De mon hémorragie, mon père en a fait tout un fromage. Il m’a conduit chez notre doctoresse afin qu’elle m’examine et qu’elle détecte l’éventuelle maladie grave que je pourrais couver, (il souffre toujours d’hypocondrie). D’un commun accord, ils ont décidé que l’air de la mer me ferait le plus grand bien, et, c’est dans une maison de repos du Pas-de-Calais que je dois partir pour un mois, à la mi-juin.
En attendant, nous allons faire des ballades avec l’Ami 6 Citroën. Papa est allé chercher Nanou pour nous emmener toutes les deux au Havre. Ça me fait plaisir de la revoir. Pour moi, elle fait partie de la famille au même titre que les enfants de ma mère. Même si bientôt le divorce de Papa et de Jeannine va être prononcé, avec elle il a gardé une bonne relation…il a aussi gardé la voiture.

Il fait froid dans le Pas-de-Calais, mais là, c’est une période de beau temps même si il y a du vent. Le trajet pour s’y rendre en voiture fut agréable. Nous arrivons à la maison de repos, ici à Calais au bord de la plage. La directrice accueille, ici, des femmes et des jeunes filles. Si elles sont mineures, elles doivent avoir l’autorisation de leurs parents et être des « demoiselles sérieuses ». En ce qui concerne le règlement, il reste le même pour toutes : respecter les horaires des repas et être rentrées le soir à dix huit heures, afin de se présenter pour le dîner, dans une tenue correcte.
Avant que mon père ne parte, la directrice lui présente la jeune étudiante avec qui je vais partager la chambre. Elle ressemble à une demoiselle on ne peut plus sérieuse. Je lis dans ses pensées comme à livre ouvert : il me semble qu’elle s’interrogeait sur la personne qui allait partager prochainement son intimité, sans pour autant avoir la réponse, en me voyant, elle paraît rassurée tout de même. C’est vrai que je suis plutôt sensitive ; je ressens vivement les réactions des autres à mon égard. J’ignore totalement si mon père l’est aussi ; s’il l’est, il faut que je me méfie. Il pourrait s’apercevoir que je suis dans un état de total bien-être du fait qu’il dégage de ma vue pour un mois. J’ai ainsi la capacité d’apprécier ce qui m’arrive pour la première fois : une presque totale liberté.
Je n’aime pas le temps qui passe trop vite en ces instants privilégiés. Dans notre chambre, je m’entends bien avec Maryse, la jeune fille intellectuelle.

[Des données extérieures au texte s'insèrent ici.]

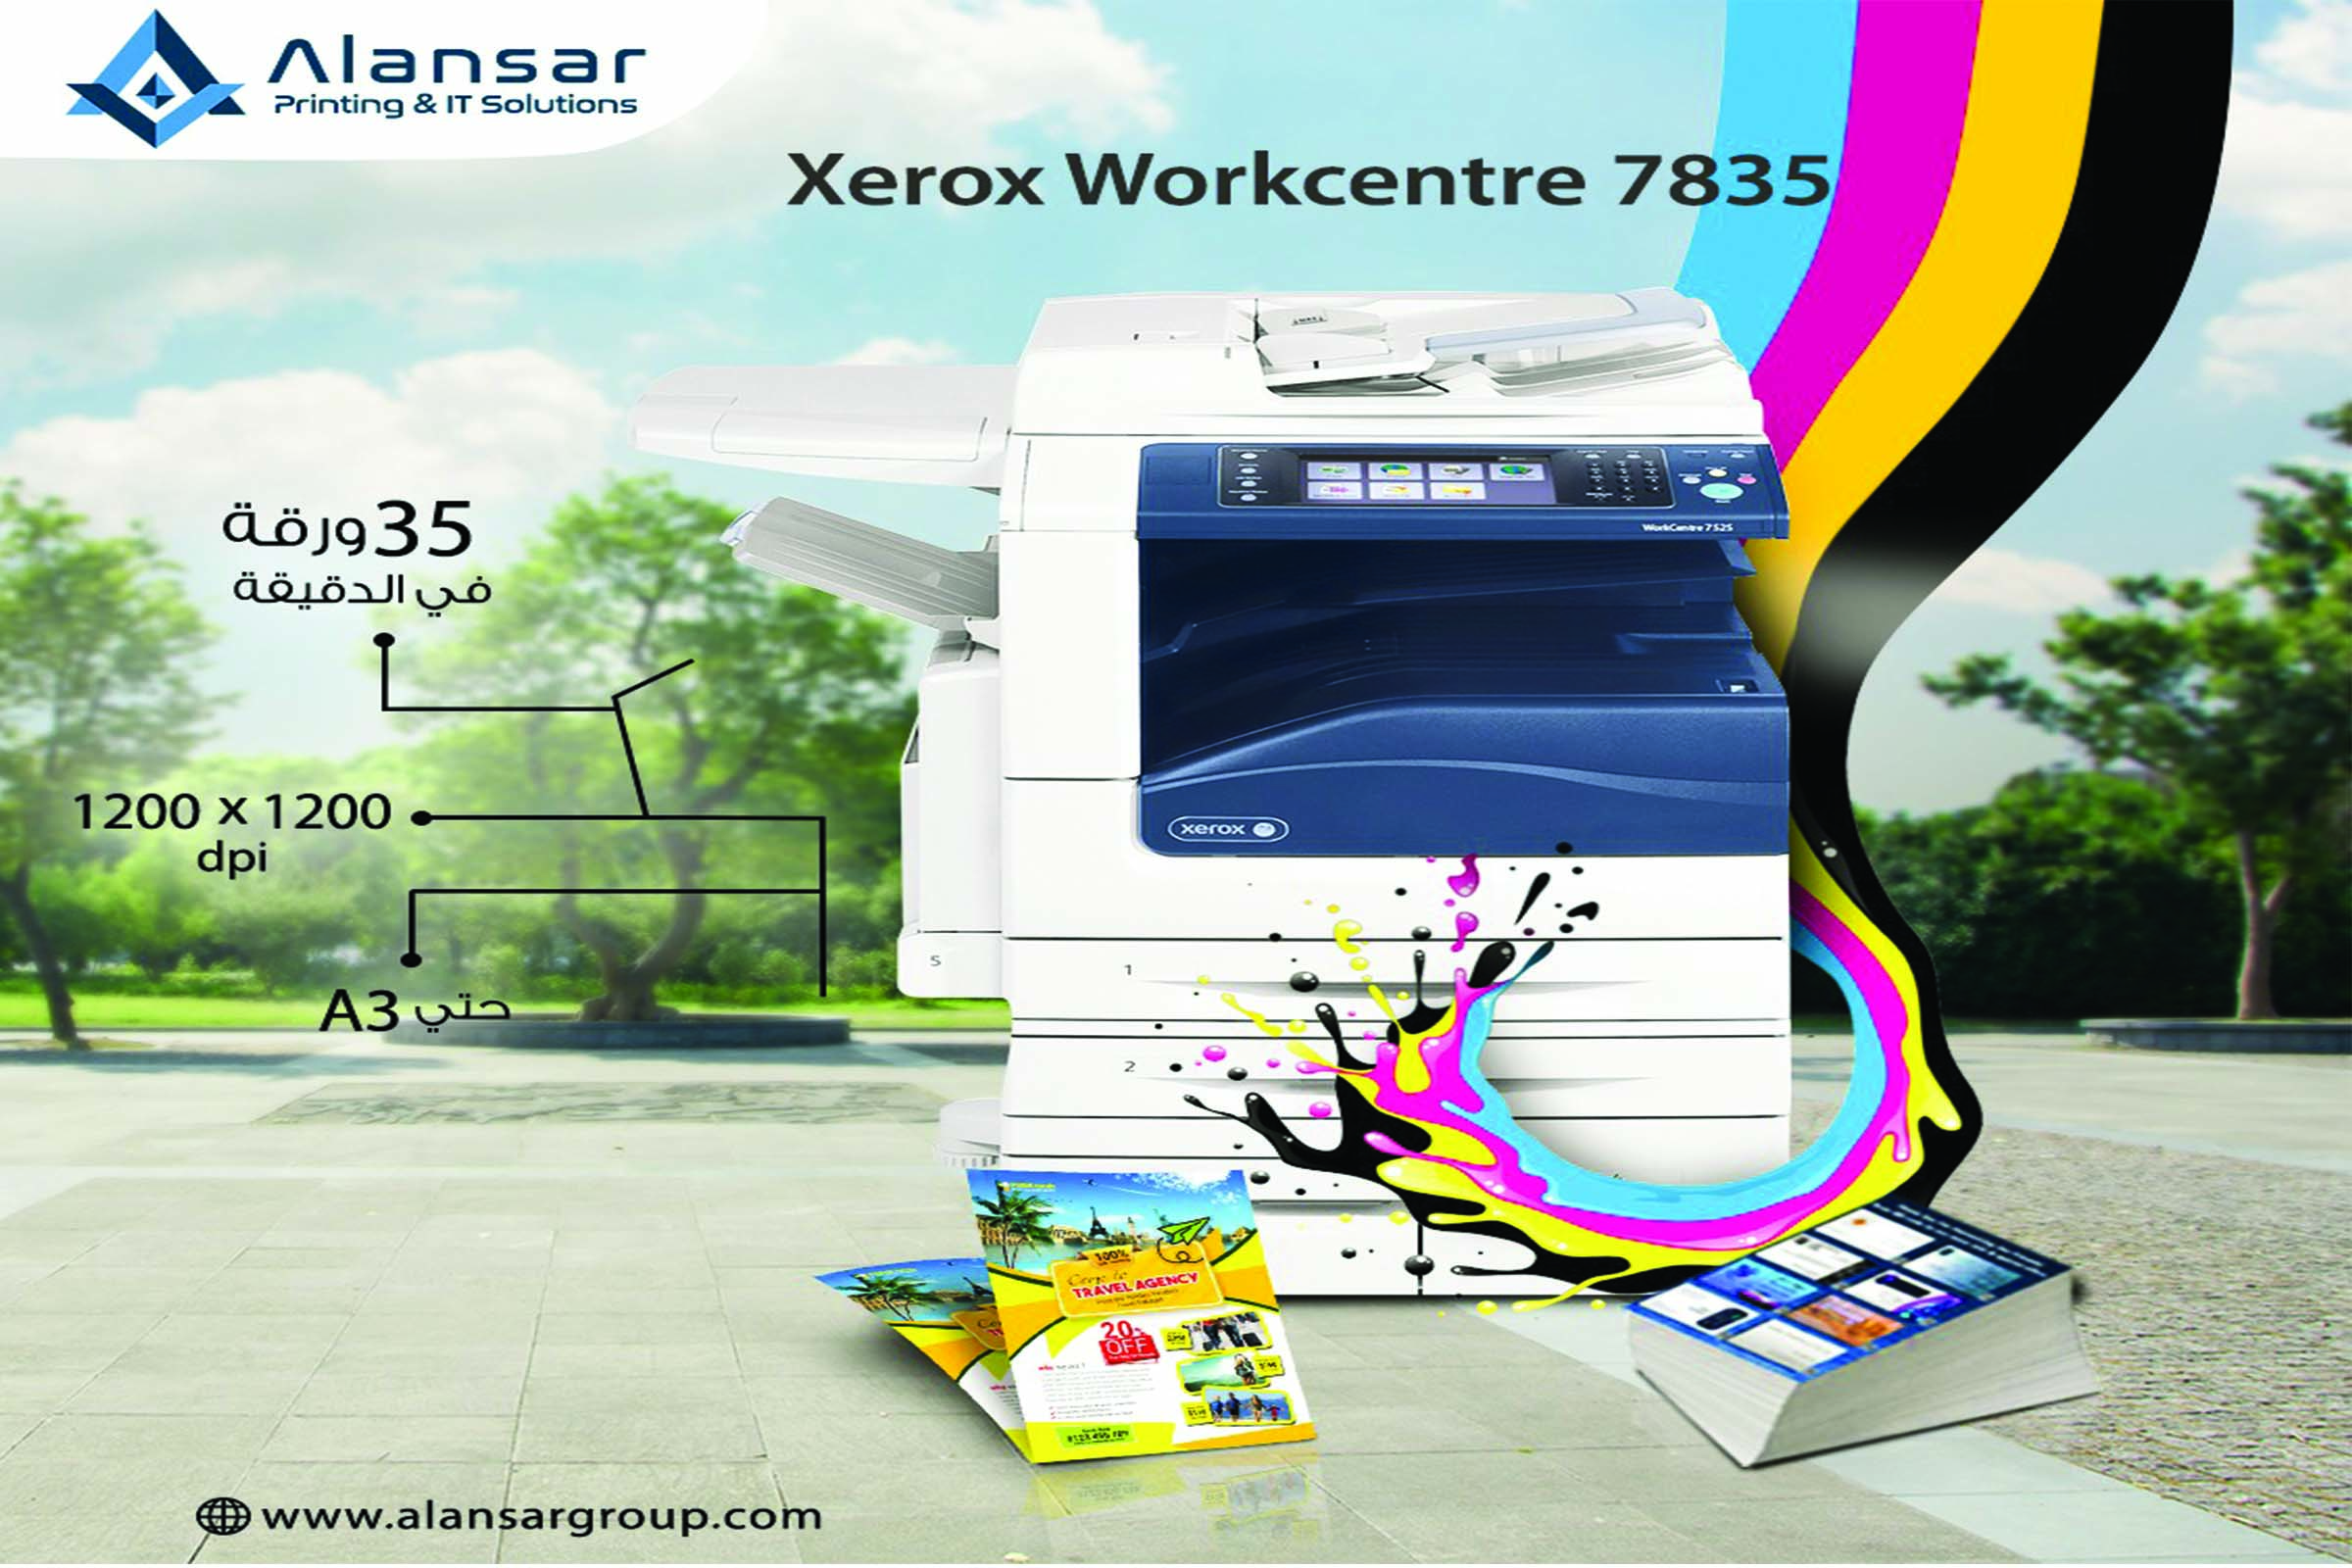 Xerox workcentre 7835 document printer delivers superior quality

J’ai un caractère adaptable. La chambre est meublée d’un troisième lit réservé à sa correspondante Allemande, qui doit venir se reposer quinze jours ici. Elle arrive dans une semaine.
Quelle bosseuse mon étudiante ! Même ici, il faut qu’elle bûche ses cours, et si elle connaît parfaitement l’anglais, en attendant de se perfectionner en allemand, il lui vient une idée :
« Je vais t’apprendre l’anglais, tu vas voir c’est facile.
- Parle pour toi, tu es une intello, moi j’avais déjà « un peu » de difficultés en primaire et je n’ai pas de mémoire ! »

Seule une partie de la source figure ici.